ANCCLILe 5 juillet s’est tenue l’ultime réunion du groupe d’expertise pluraliste de l’association nationale des CLI sur la cuve de l’EPR de Flamanville. L’ordre du jour a attiré beaucoup de monde. Les débats ont été riches. Mais force est de constater que le dénouement n’a pas été à la hauteur des espérances de ceux et celles qui s’investissent dans la surveillance citoyenne des installations nucléaires.

On est arrivé hier à la fin d’un long processus initié en décembre 2015 à l’initiative du Président de l’ANCCLI [1]. Alors que la crise de la cuve de l’EPR atteignait une dimension inconnue jusque-là, Jean-Claude Delalonde a proposé en effet la constitution d’une instance de dialogue :
« Pour traiter ce dossier au niveau exceptionnel qui est le sien dans des conditions permettant le respect de la confidentialité et la sérénité de l’instruction, l’ANCCLI recommande la mise en place d‘un groupe d’expertise pluraliste dédié à l’examen de ce dossier. Ce dispositif a fait ses preuves dans le passé pour traiter des dossiers qui, même si les sujets et les contextes étaient différents, présentaient les mêmes besoins de réponse à des problématiques complexes et relativement inédites dans des situations de controverse [2]. »

Et c’est bien ce qui a eu lieu au fil de nombreuses réunions et d’un dialogue constant entre la société civile d’une part et l’Autorité de contrôle d’autre part. Chaque semestre des journées de débat ont été organisées pour permettre à l’ASN et l’IRSN de présenter l’instruction de ce dossier très complexe en présence de l’industriel et du maitre d’ouvrage.
Il faut bien reconnaître que ce qui s’est passé est inédit. Jamais autant de personnes n’ont pu bénéficier d’un tel niveau d’information et d’explication. Incontestablement un pas non négligeable a été franchi en termes de transparence. Dix ans après le vote de la Loi TSN on a même pu croire un temps que le Pont Levis de la forteresse nucléaire commençait à s’abaisser.

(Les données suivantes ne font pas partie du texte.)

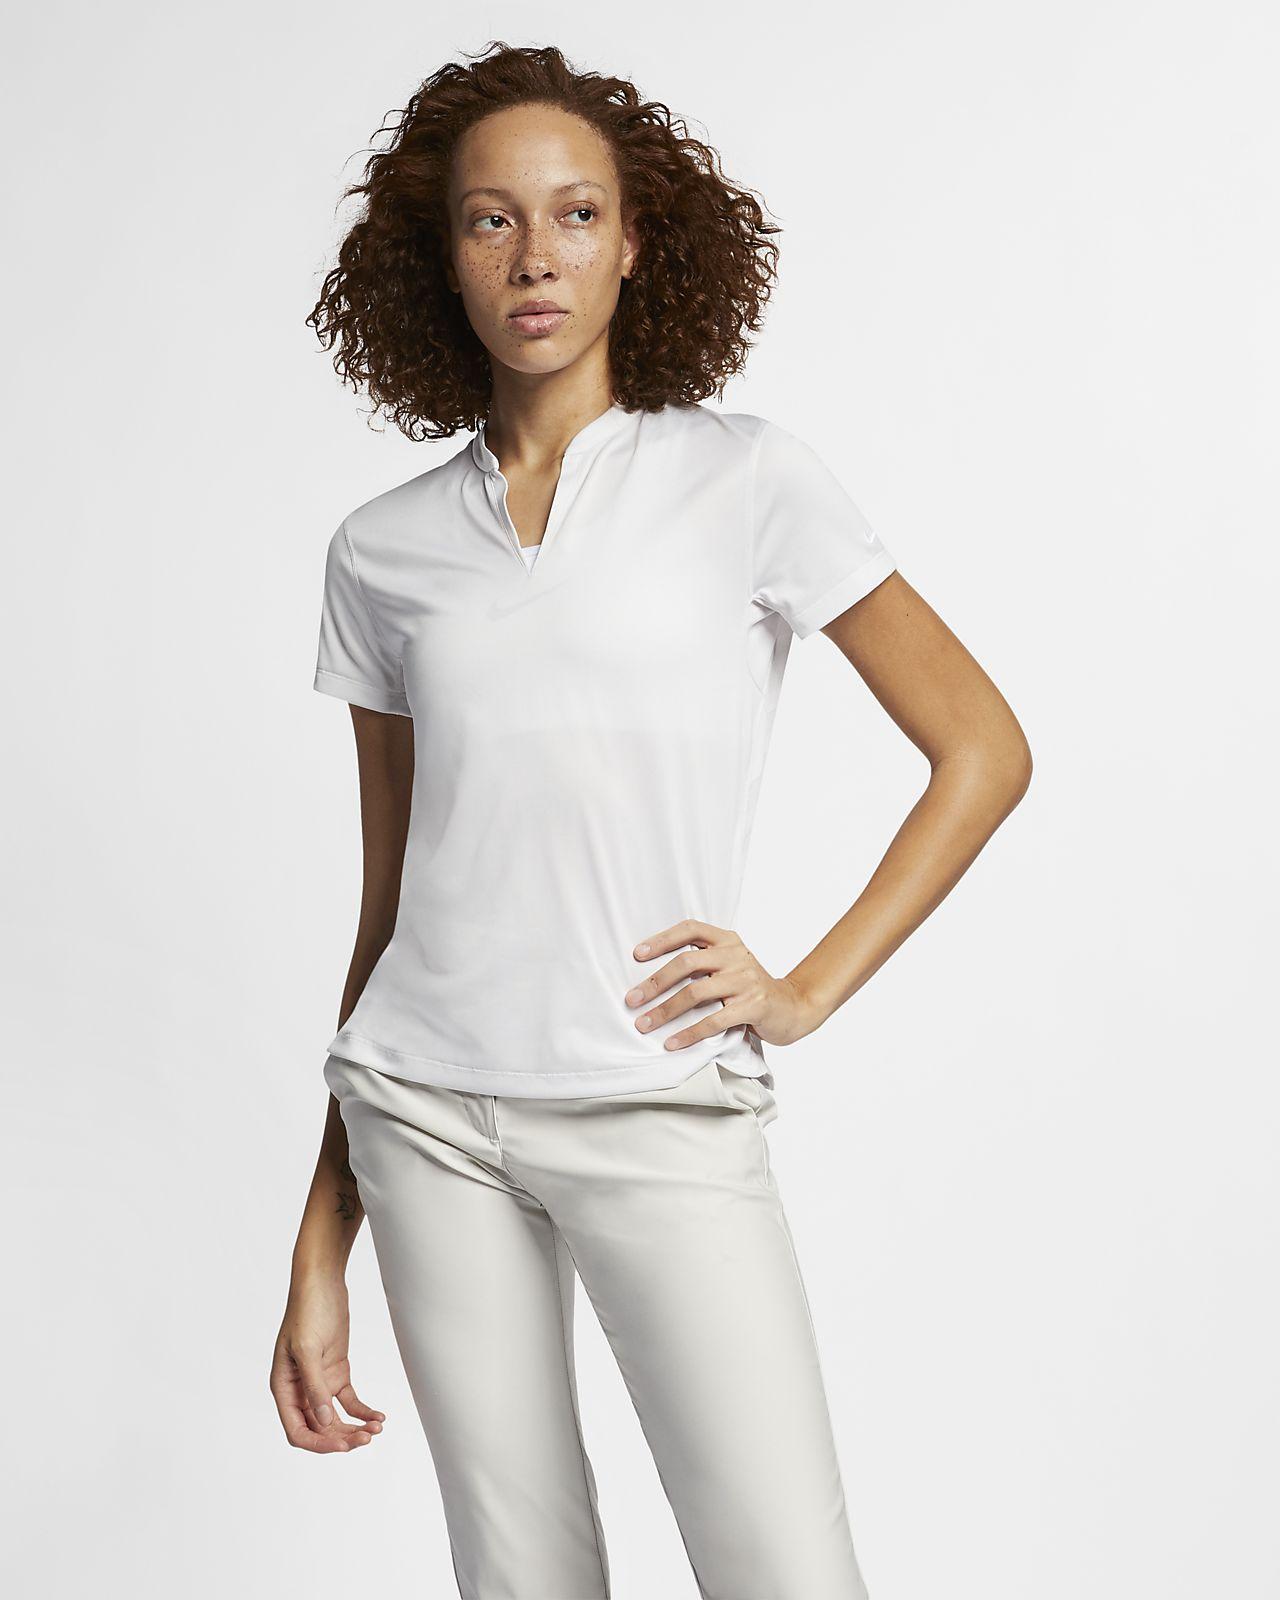 e01202a5ddf1 Γυναικεία μπλούζα πόλο για γκολφ Nike TechKnit Cool. Nike.com GR
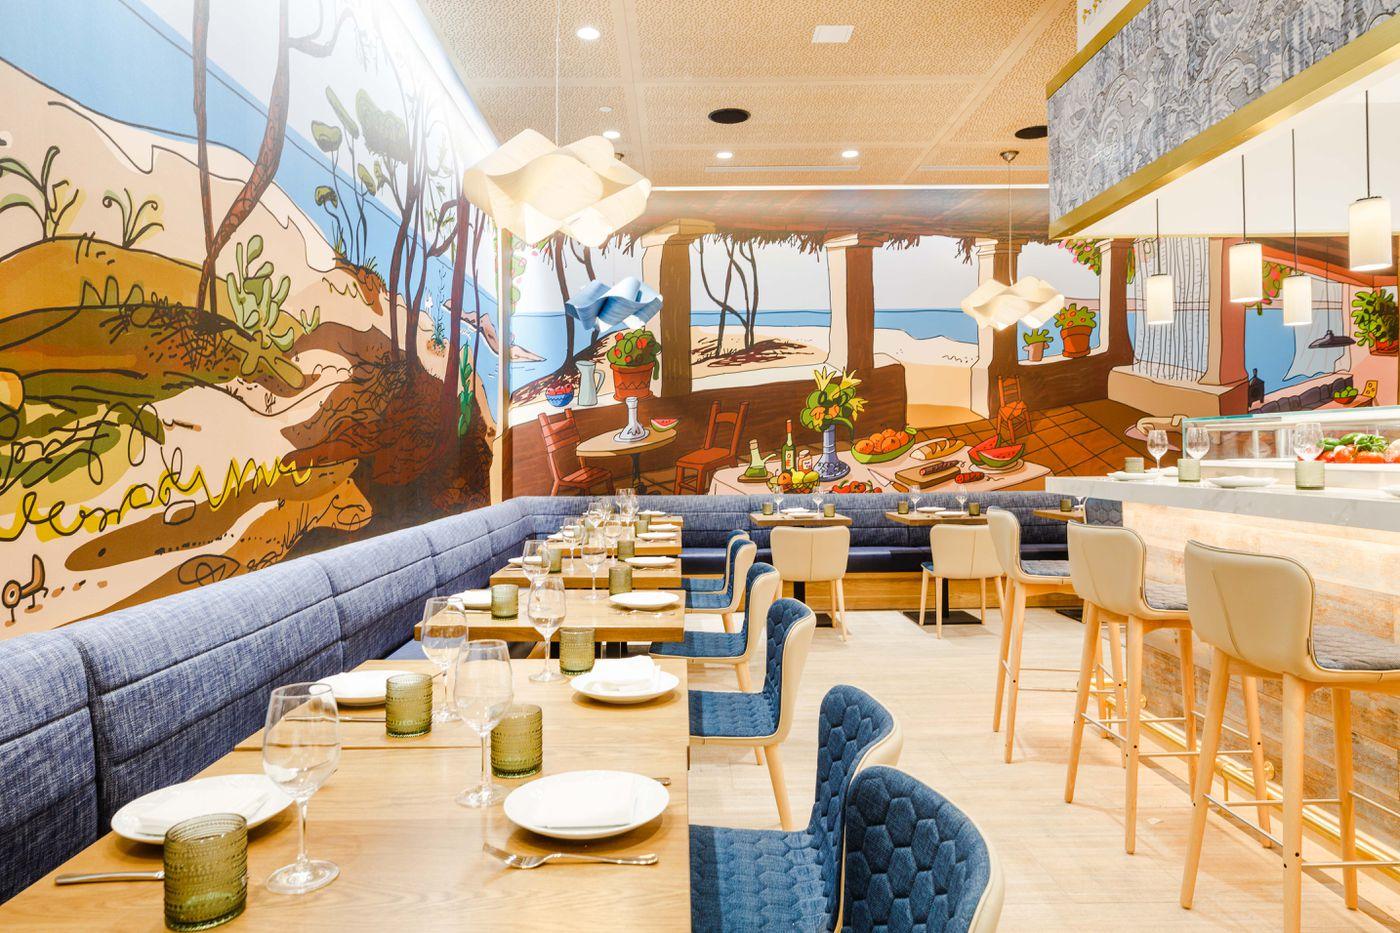 Mercado Little Spain José Andrés Colossal Hudson Yards Food Hall Opens Friday Eater Ny

Mais avec le nucléaire, les choses sont toujours plus complexes qu’il n’y paraît. La possibilité d’accéder à l’information est une chose, la capacité à s’en saisir en est une autre. Et c’est bien là que le bât blesse. La grande masse des informations qui ont été communiquées ne pouvait déboucher sur aucune procédure au vu de la législation en vigueur. Pour l’essentiel les « écarts » présentés par les dossiers et autres courriers vieux d’une dizaine d’année sont aujourd’hui prescrits.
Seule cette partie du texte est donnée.